New Chief of Economic Council To Take On Tax Cuts, National Debt

Former Trump economic advisor Kevin Hassett takes charge of the National Economic Council, signaling a shift towards significant fiscal reforms and tax cuts to address national debt and inflation.

At a Glance

  • Kevin Hassett appointed as National Economic Council Director in Trump administration
  • Trump’s economic plans focus on trade, energy, regulations, and tax reforms
  • Hassett advocates for corporate tax cuts and spending reductions to tackle debt
  • Emphasis on domestic energy production to minimize inflation
  • Appointment signals focus on growth, job creation, and fiscal responsibility

Trump’s Economic Vision and Hassett’s Role

President Donald Trump’s economic strategy is taking shape with the appointment of Kevin Hassett as the Director of the National Economic Council. This move comes at a critical time when the nation faces over $36 trillion in debt, persistent inflation, and the need to extend the 2017 tax cuts. Hassett, a trusted advisor to Trump, is expected to play a pivotal role in navigating these fiscal challenges.

Hassett’s appointment underscores the administration’s commitment to substantial fiscal reforms. These reforms span across trade, energy, regulations, and tax policies, aiming to usher in what Hassett describes as a “golden age” for the American economy.

Corporate Tax Cuts and Economic Growth

Central to Hassett’s economic philosophy is the belief that corporate tax cuts benefit workers by increasing wages. This stance challenges the notion that such cuts only benefit wealthy capitalists. The administration is considering reducing the corporate tax rate from 21% to 15%, a move they argue will stimulate economic growth and job creation.

“The best economic evidence suggests that workers pay more than half, and likely three-quarters, of the cost of the corporate tax. Thus, cutting business taxes is a tax cut for working Americans,” Adam Michel said.

Hassett’s research emphasizes the importance of extending certain tax provisions, such as full expensing, to boost investment and growth. This approach aligns with the administration’s goal of creating a more favorable environment for businesses and workers alike.

Tackling Inflation and Energy Policy

Inflation remains a significant concern, with the administration claiming that rates under the current Biden presidency are higher than during Trump’s tenure. Hassett argues that domestic energy production is crucial for minimizing inflation, highlighting the interconnectedness of energy policy and economic stability.

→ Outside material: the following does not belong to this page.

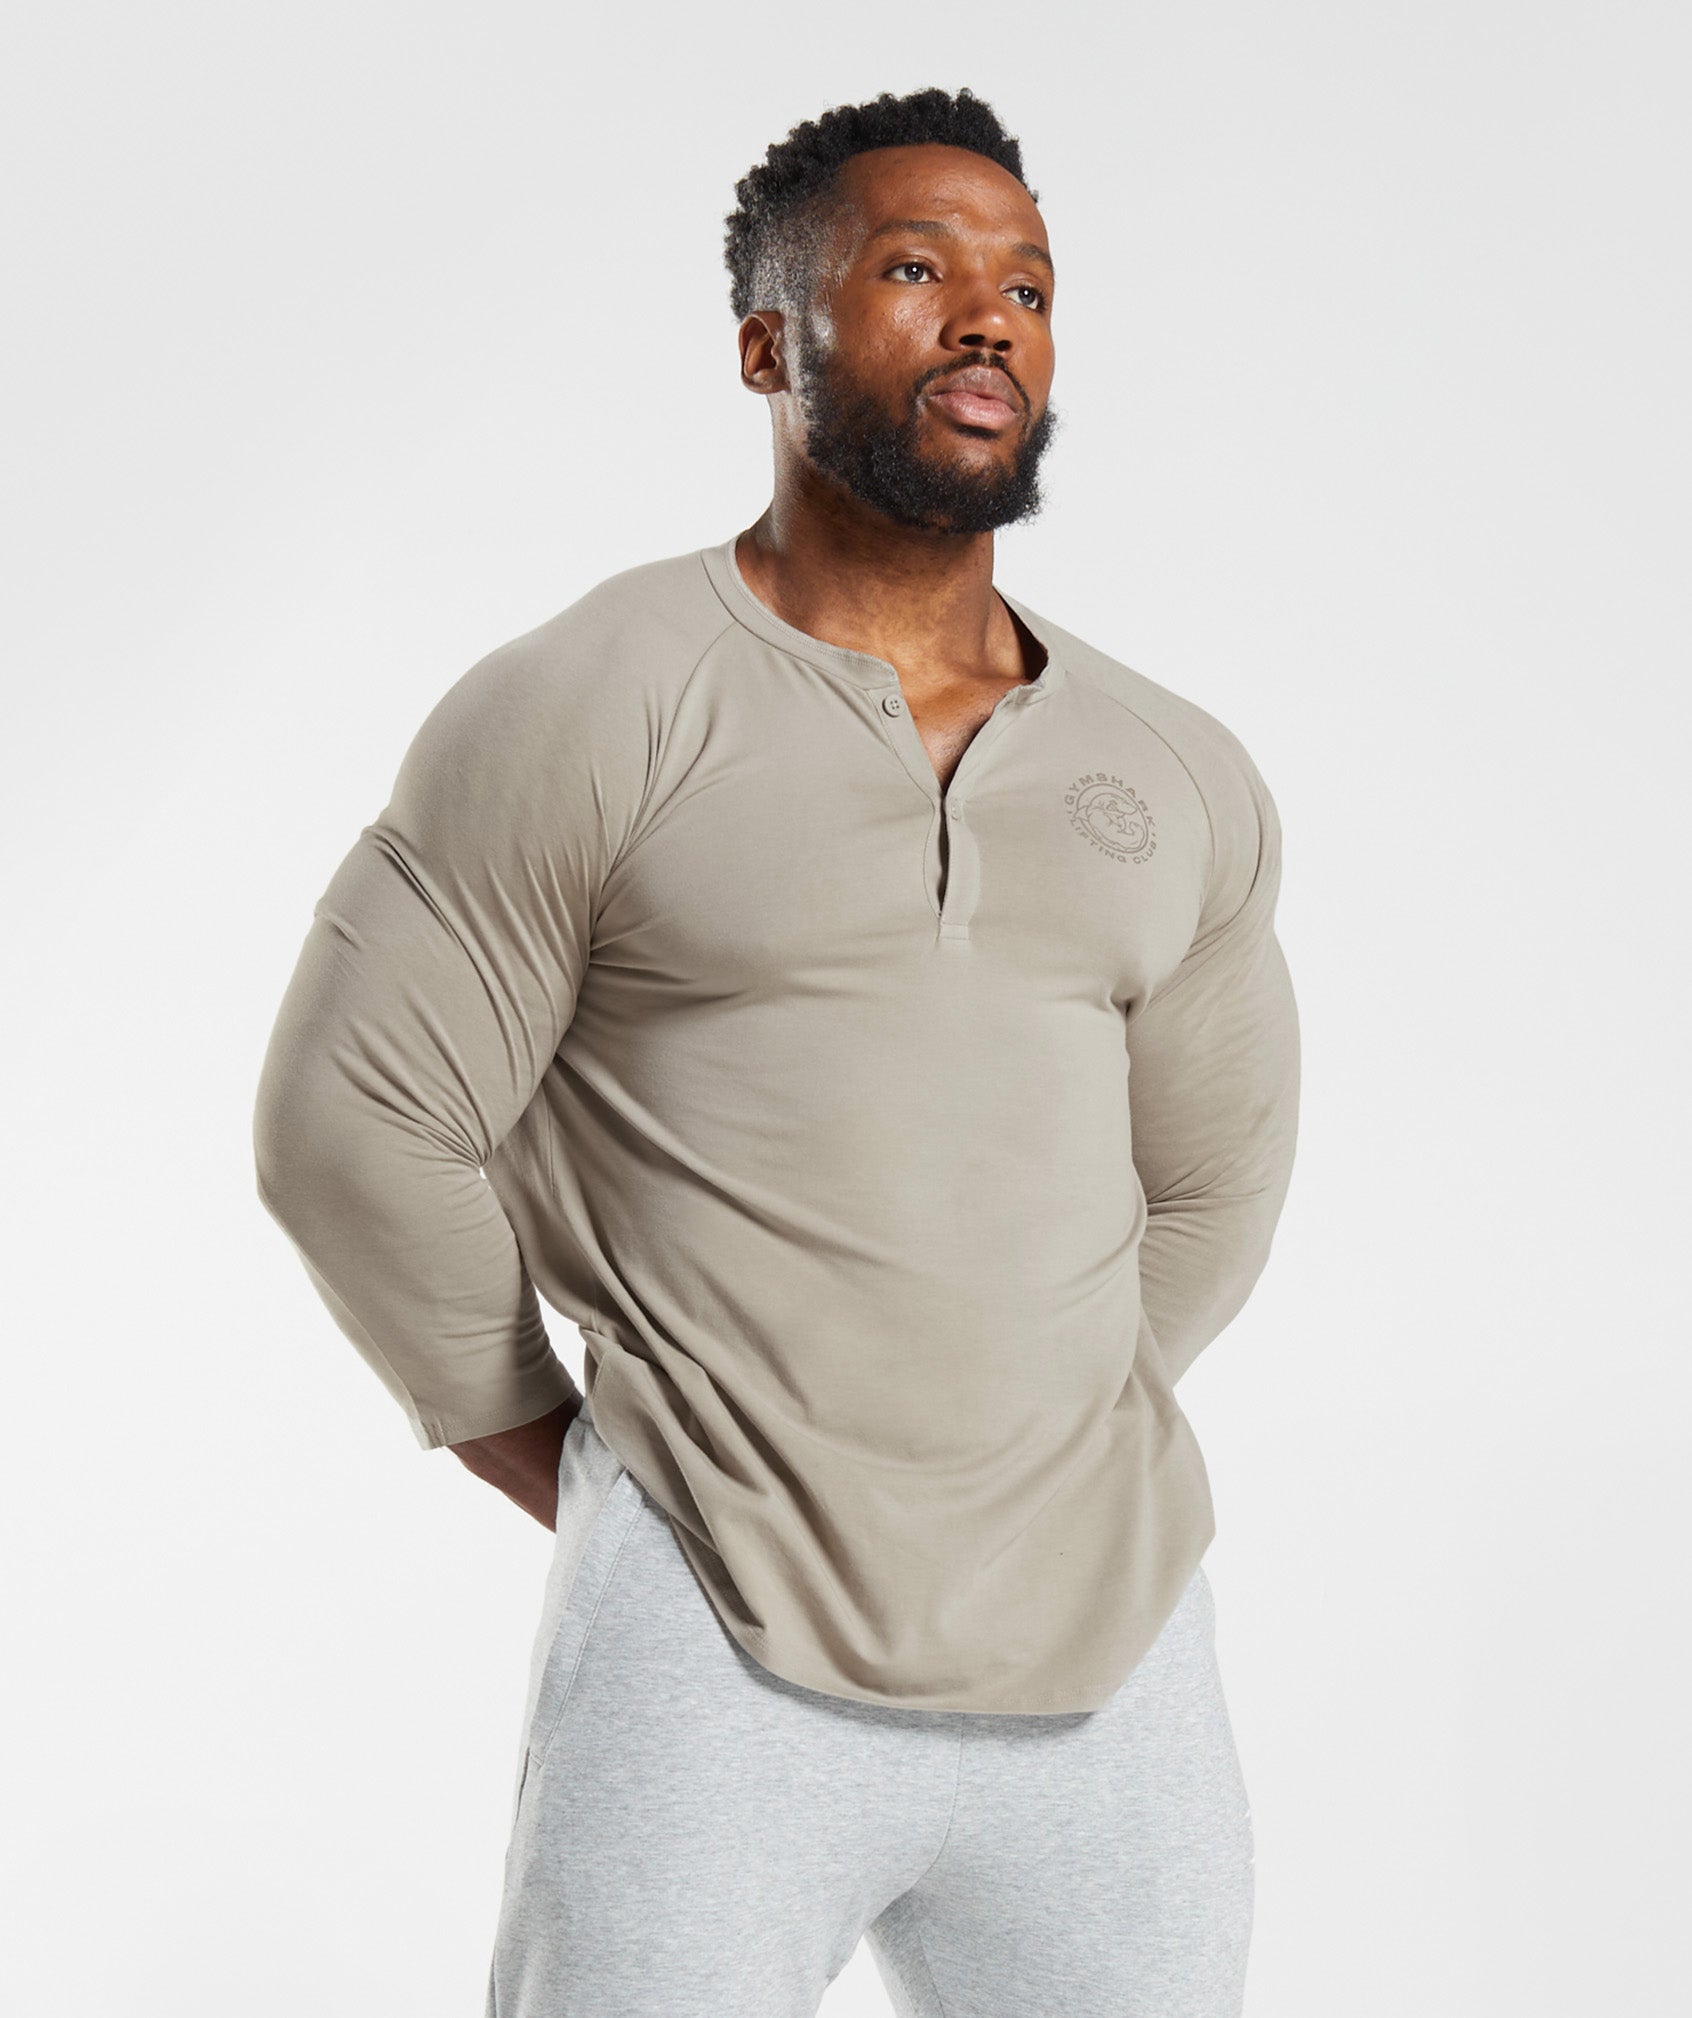 Long Sleeve Gym Tops For Men - Gymshark

“When the people who are trying to cause panic over President Trump’s trade policy simulate what it’s going to do, they don’t account for all the other policies. So President Trump is drill, baby, drill and deregulate and tax cuts and reduce spending,” Hassett said.

This comprehensive approach to tackling inflation includes not only energy policy but also trade strategies. Trump’s use of tariffs as a negotiation tactic, as seen in recent Colombian negotiations, is part of a broader economic strategy that Hassett supports.

Fiscal Responsibility and Debt Reduction

Hassett’s research on effective debt reduction strategies advocates for spending cuts over tax increases. His studies suggest that successful fiscal consolidations typically involve a higher percentage of spending cuts rather than tax hikes.

This approach to fiscal responsibility aligns with the administration’s goal of reining in government spending while promoting economic growth. Hassett’s understanding of tariffs as taxes on Americans further highlights his broader economic perspective and commitment to fiscal prudence.